# Springfield, MO: Young Male PTS 5/15



## agilegsds (Dec 31, 2003)

This is the info from another breed rescue. I have more info on this shelter, but too long to post here and I'm trying to get the email of the local volunteer that can help. PM me if you want the details of the shelter and I will post the local contact when I find out.


This shelter is located in Springfield, MO (puppy mill central) and it's not really a shelter at all. They take in strays but do not post anywhere or adopt out. They only send to rescues. If the dog is not claimed in 5 days they euth. There are usually many transports that come through Davenport from this shelter so feel free to check the website and let me know if you ever have room for one.
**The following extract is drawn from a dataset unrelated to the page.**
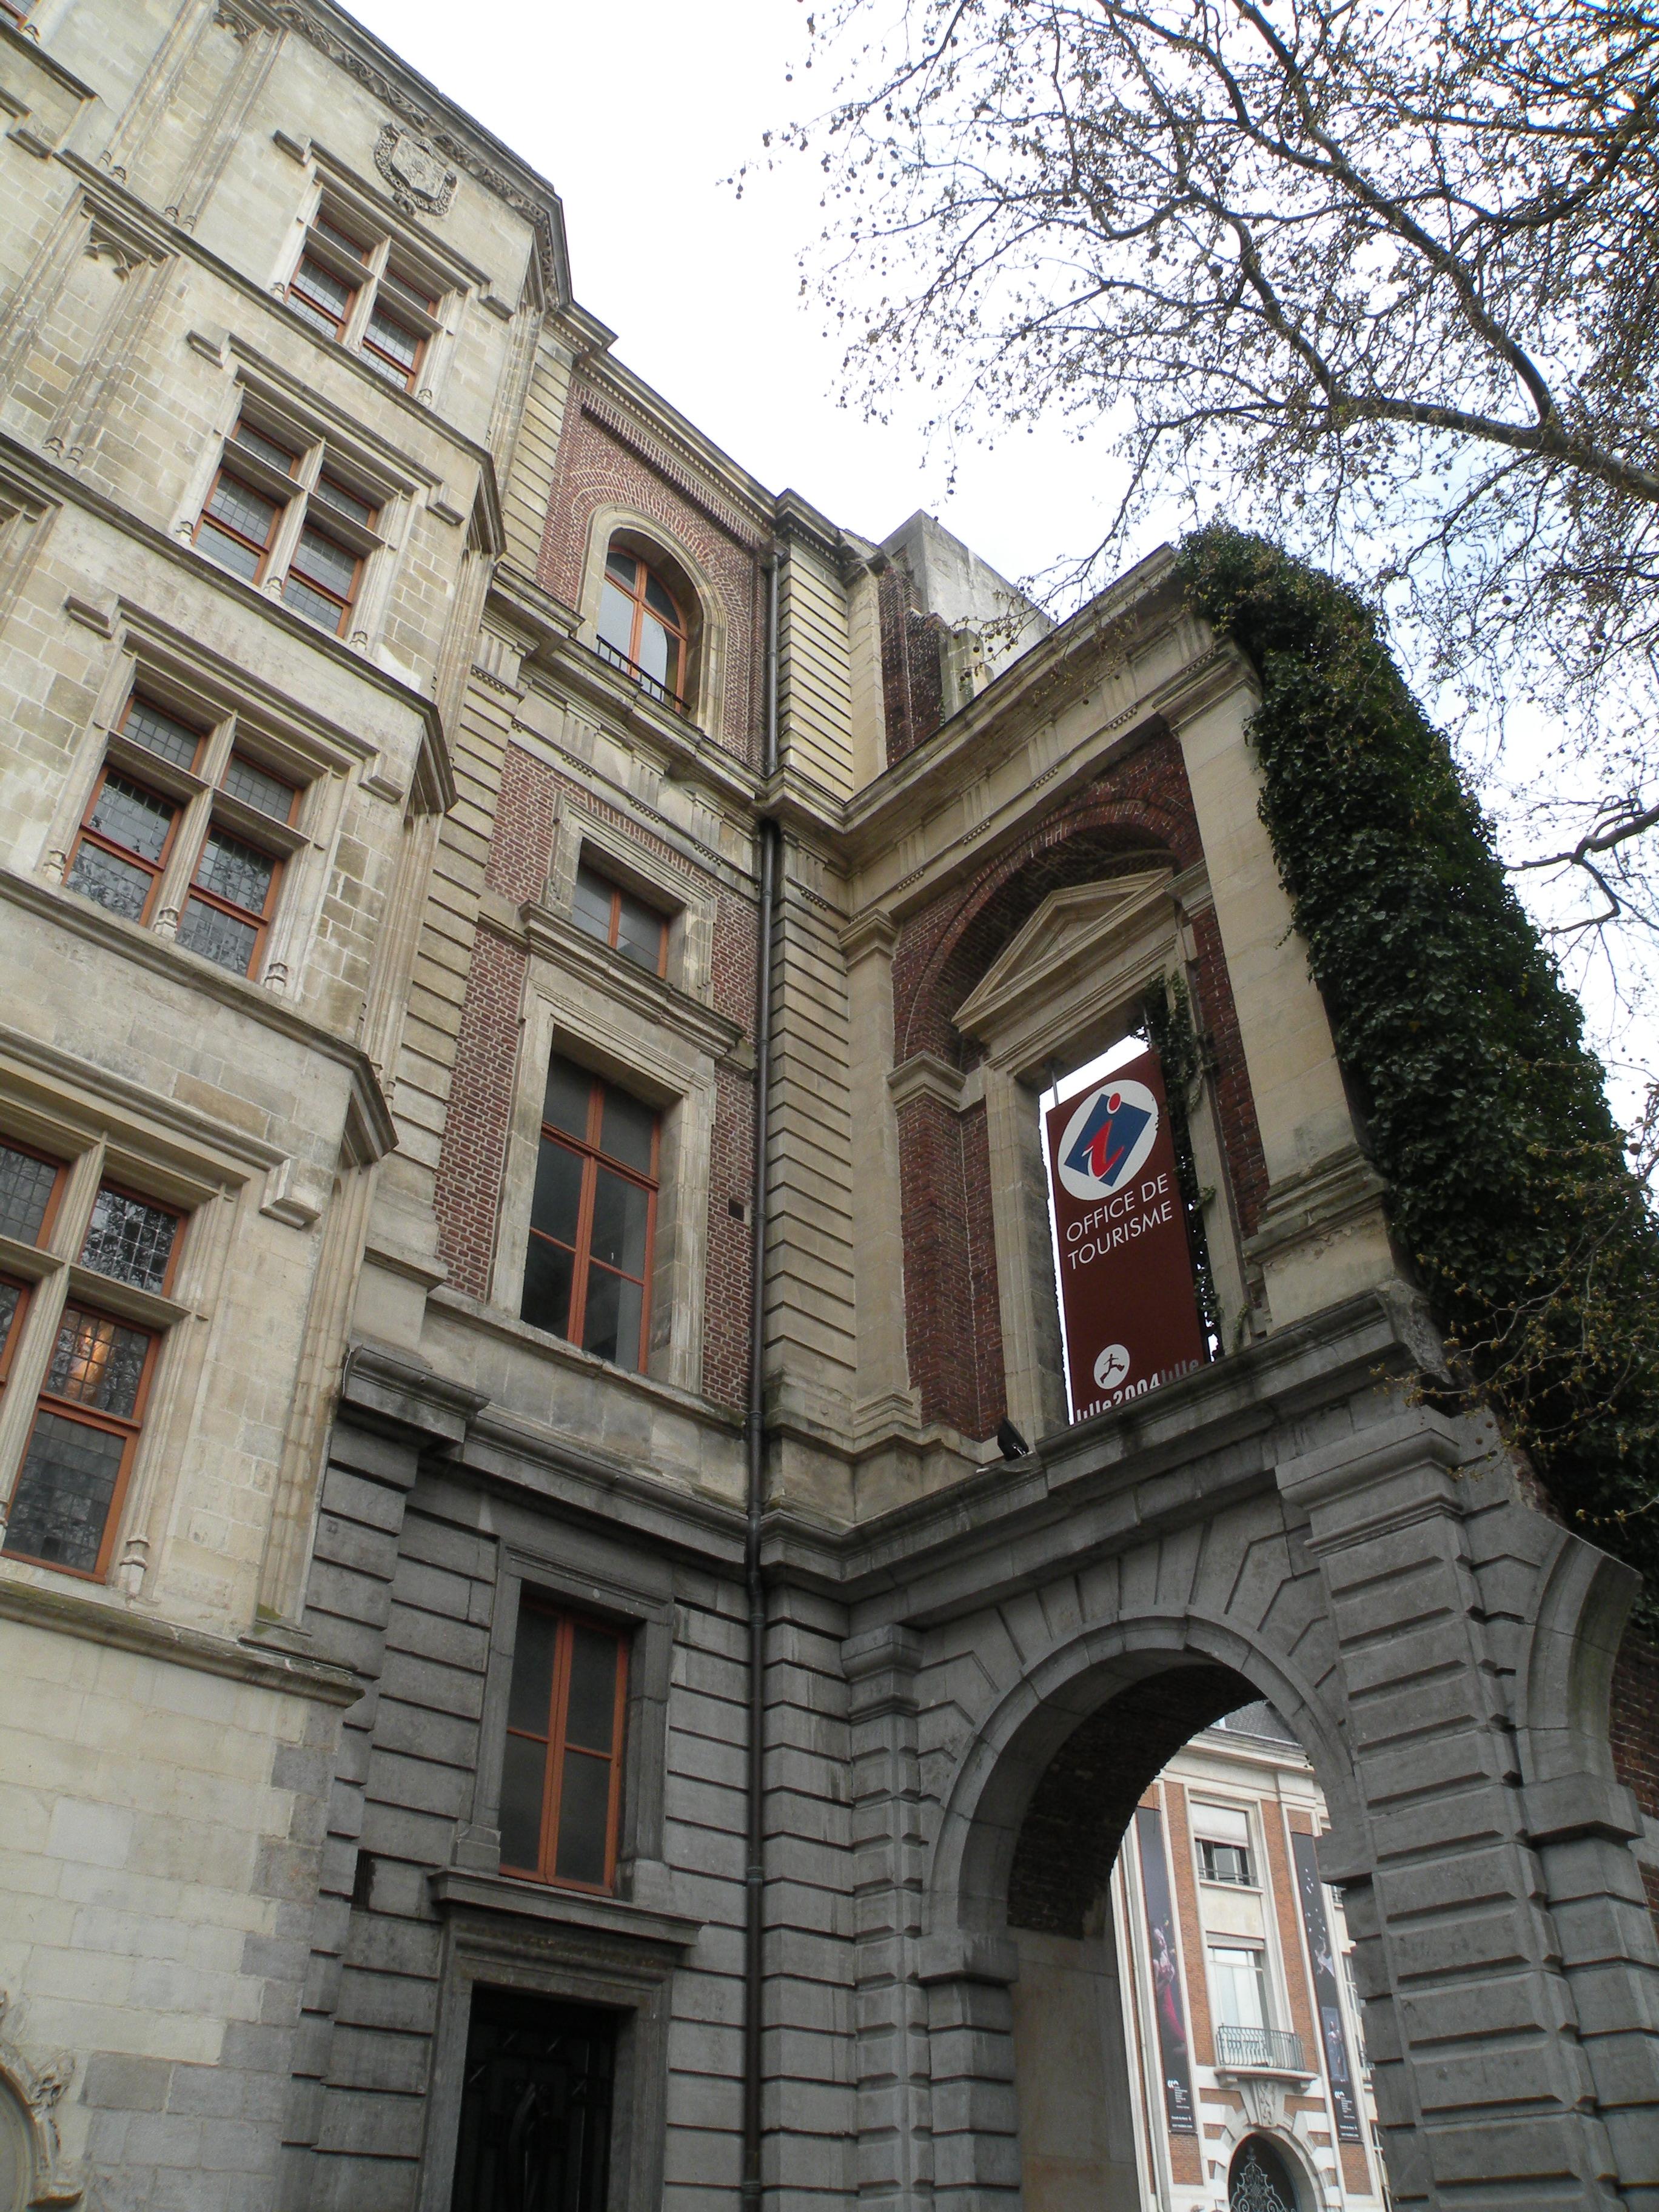 Filelille Palais Rihour Archejpg Wikimedia Commons

Here is a link to a GSD that is currently there and time is up on Friday. 

http://www.springfieldmo.gov/health/database/animalcontrol/detail.jsp?ID=119_051009


----------



## DorianE (Jan 5, 2009)

this is a horrible place! they are not rescue friendly at all! sad to say but the best way to save one here is to claim it as your pet and lie. C.A.R.E can help with this guy if there is anyone that is interested. That is if he is not claimed by his owners. They dont update any info about these animals as if they have been claimed or saved.


----------



## Karin (Jan 4, 2008)

How very sad. This sounds like a very bad situation for any poor dog that winds up here. I hope that a rescue can help this poor boy, and I hope that the shelter will allow it to happen.


----------



## ValiPa (May 1, 2009)

I would love to get the GSD and the Dachshund ... I am in PA and just helped to adopt Fritz out of the shelter in WV... How would i go about to get these 2 out of that horrible place ....


----------



## ValiPa (May 1, 2009)

also i will gladly pay the fees and for the transport ....


----------



## ArmyGSD (Apr 27, 2009)

Vali talk with Diana D about trans via air, may be cheaper that way.


----------



## agilegsds (Dec 31, 2003)

Here's their procedure to pull:

http://www.springfieldmo.gov/health/pdf/AnimalRescueProcedures.pdf


----------



## Renoman (Apr 10, 2009)

bump


----------



## ValiPa (May 1, 2009)

i am not with a rescue group


----------



## brt (Sep 16, 2008)

What a handsome young boy. According to the link he was picked up as a stray and isn't available until the 15th. Maybe he'll be reclaimed by owner since he looks like he's been cared for.


----------



## DorianE (Jan 5, 2009)

now he is showing "other" where tagged for rescue is at. Any word on this guy?


----------



## Jax08 (Feb 13, 2009)

bump...any word on this guy?


----------



## elly1210 (Jan 4, 2009)

bump


----------